* _Work instructions_: Your task is to transcribe exactly, and only, the lines running from the one with "Holly Branson standing" to the end of the listing below, inclusive, with every picture left out.

* _Supplied information_:

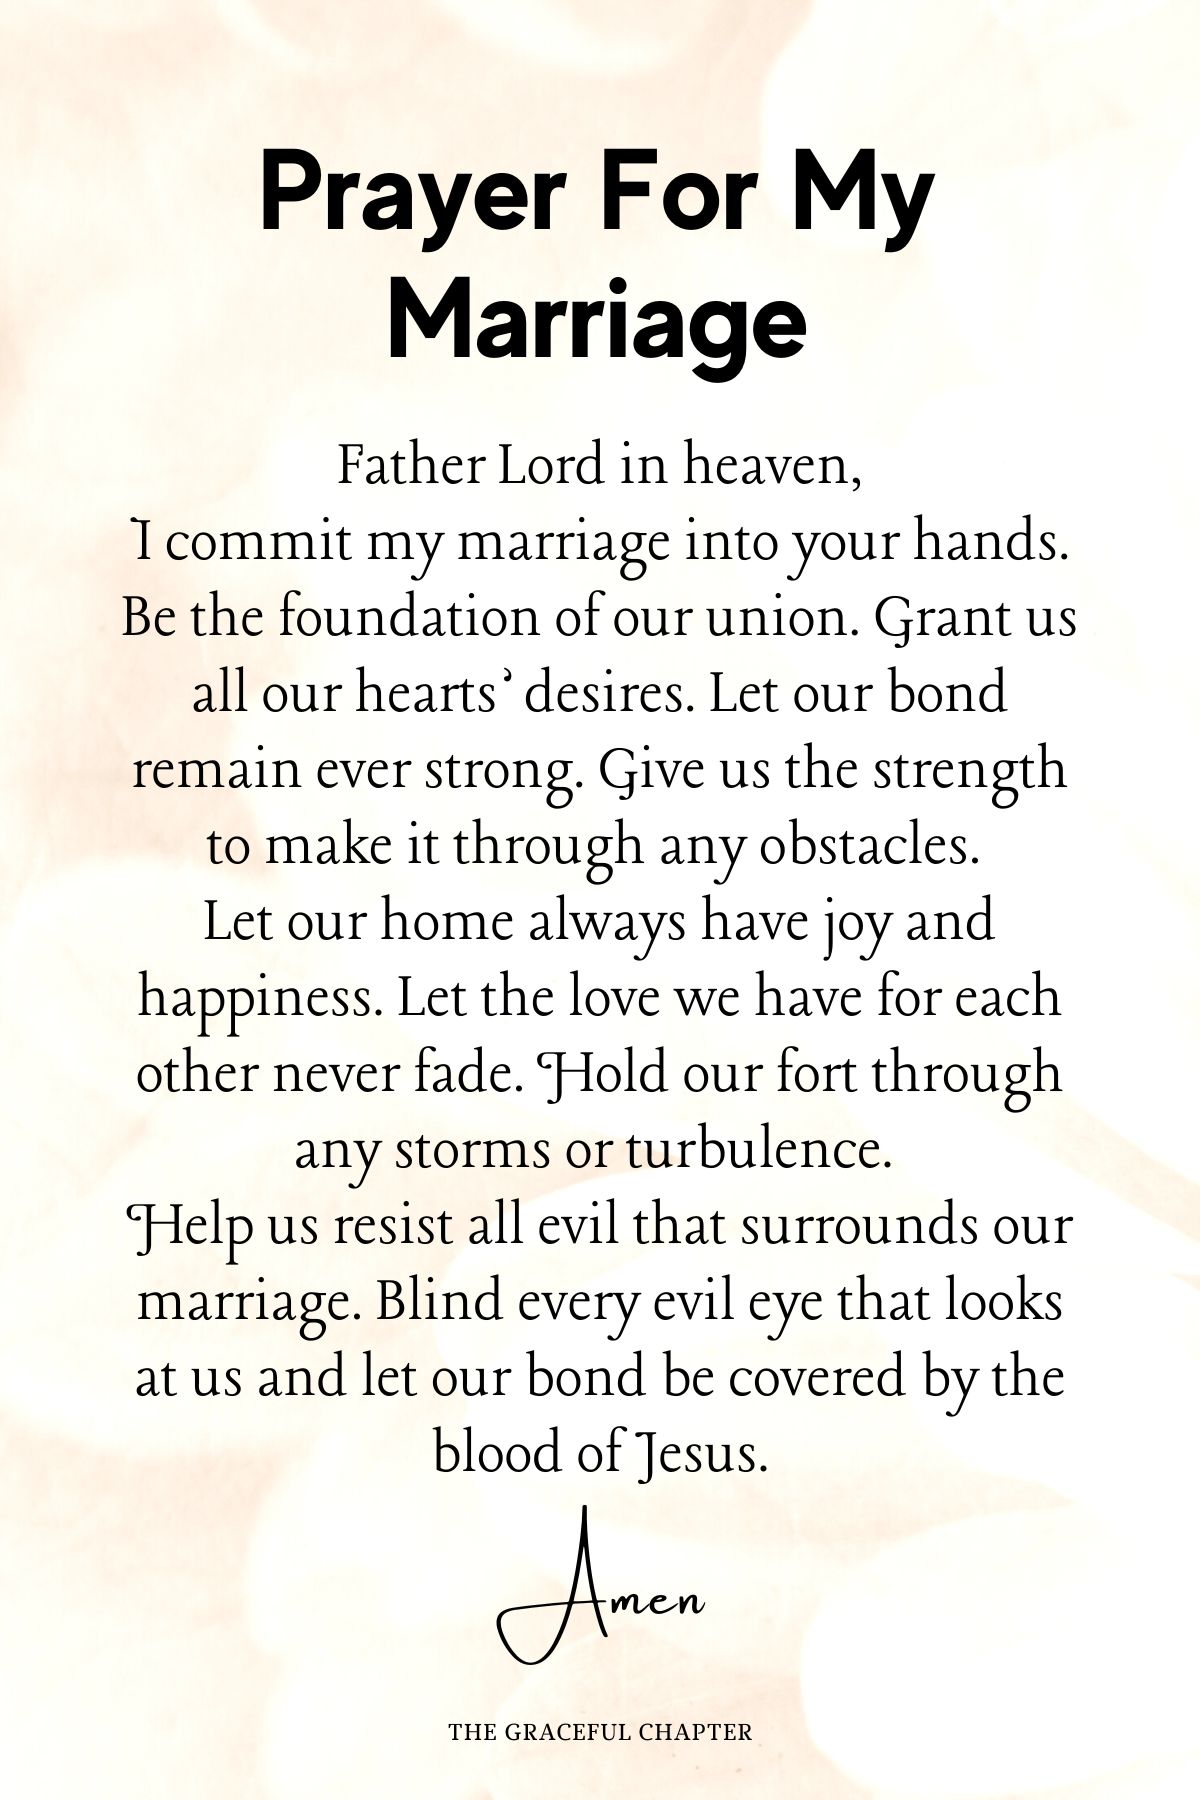 Prayer for my marriage
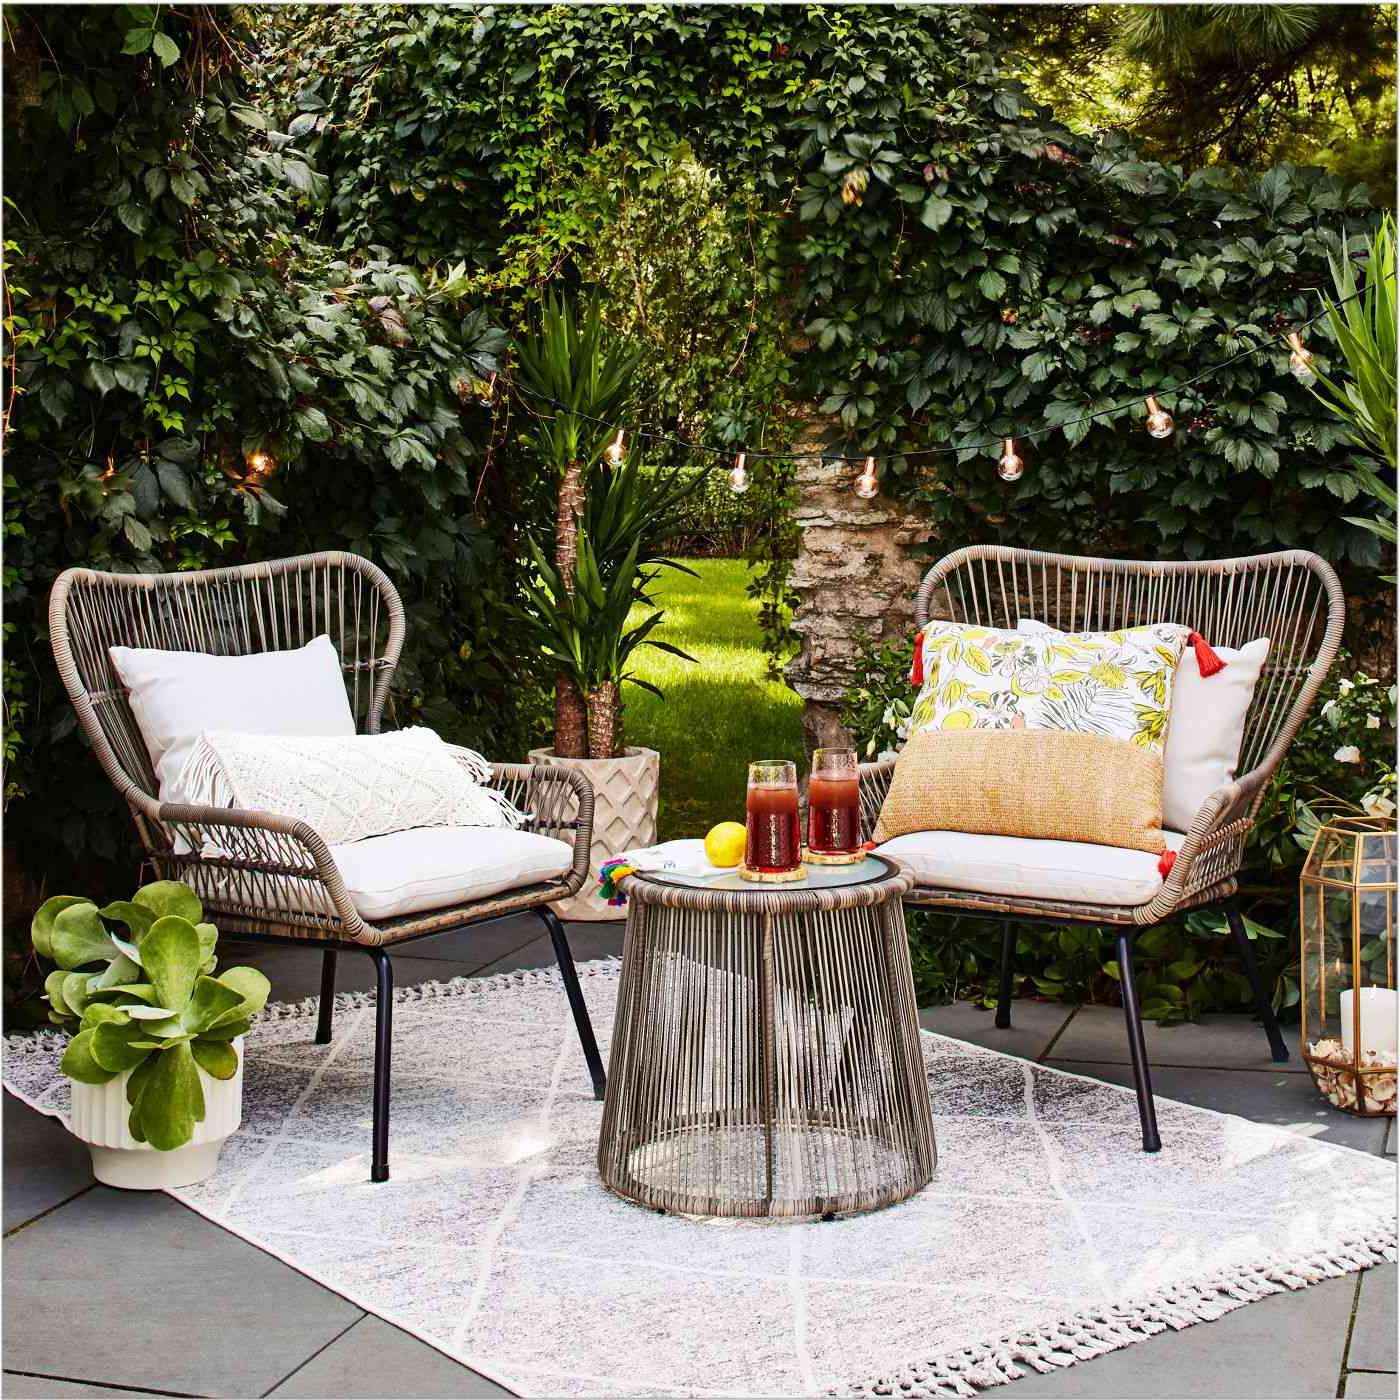 Backyard Porch Garden Patio Furniture Set Inside Most Current The Best Outdoor Furniture For Small Spaces (View 12 of 15)
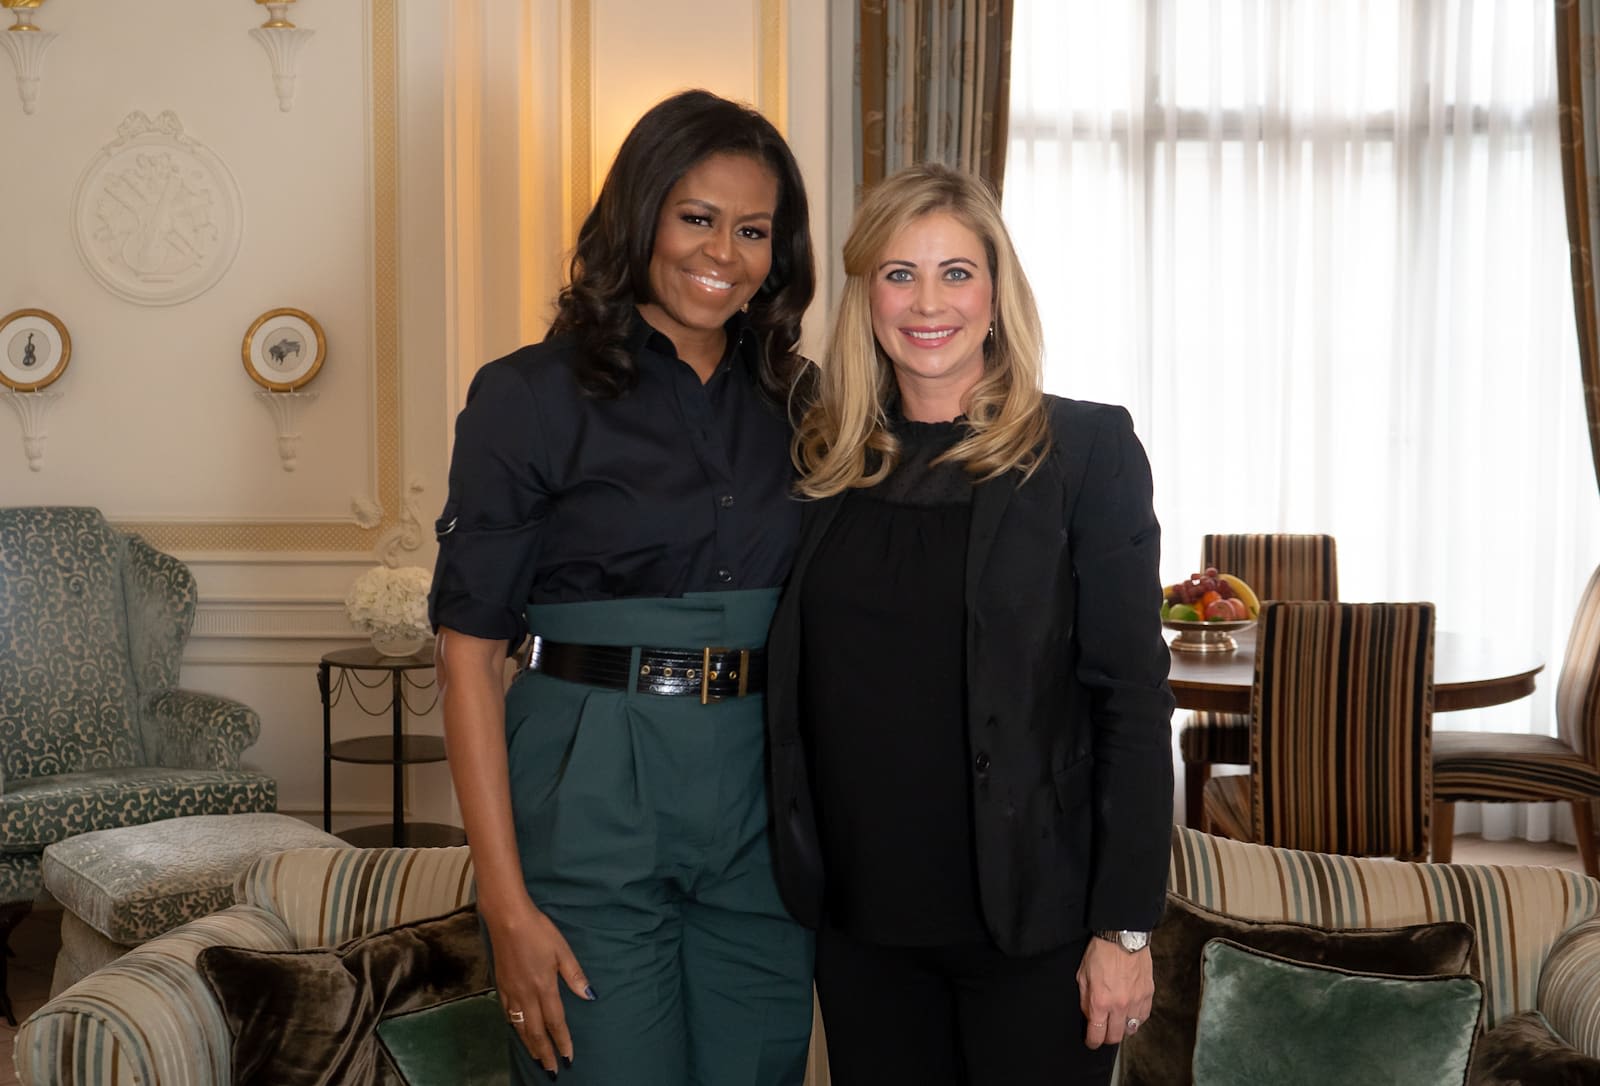 Holly Branson standing next to Michelle Obama, both facing the camera and smiling
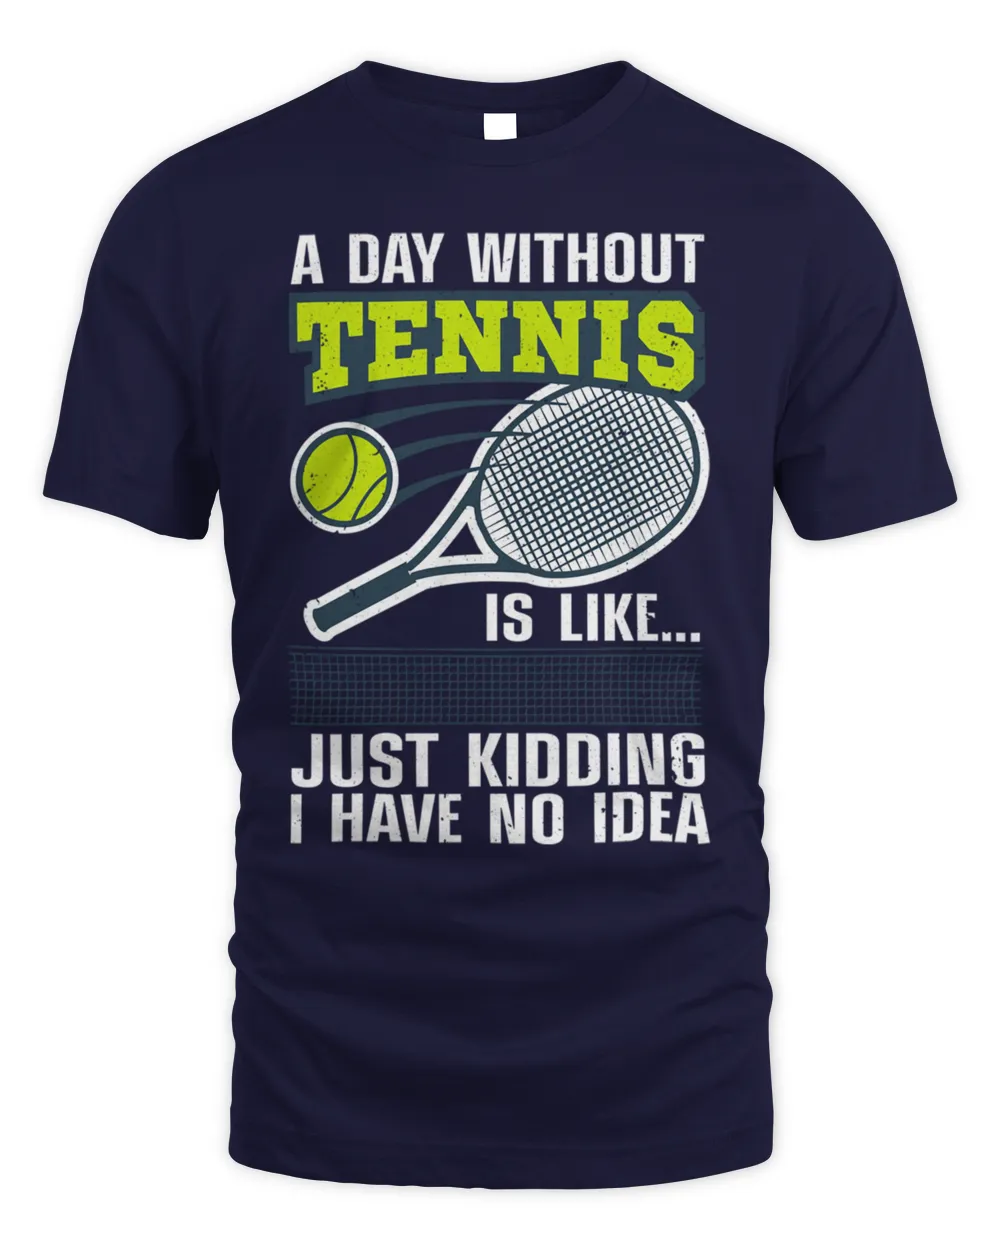 A day without tennis

* _Response_:
 Holly Branson standing next to Michelle Obama, both facing the camera and smiling
 A day without tennis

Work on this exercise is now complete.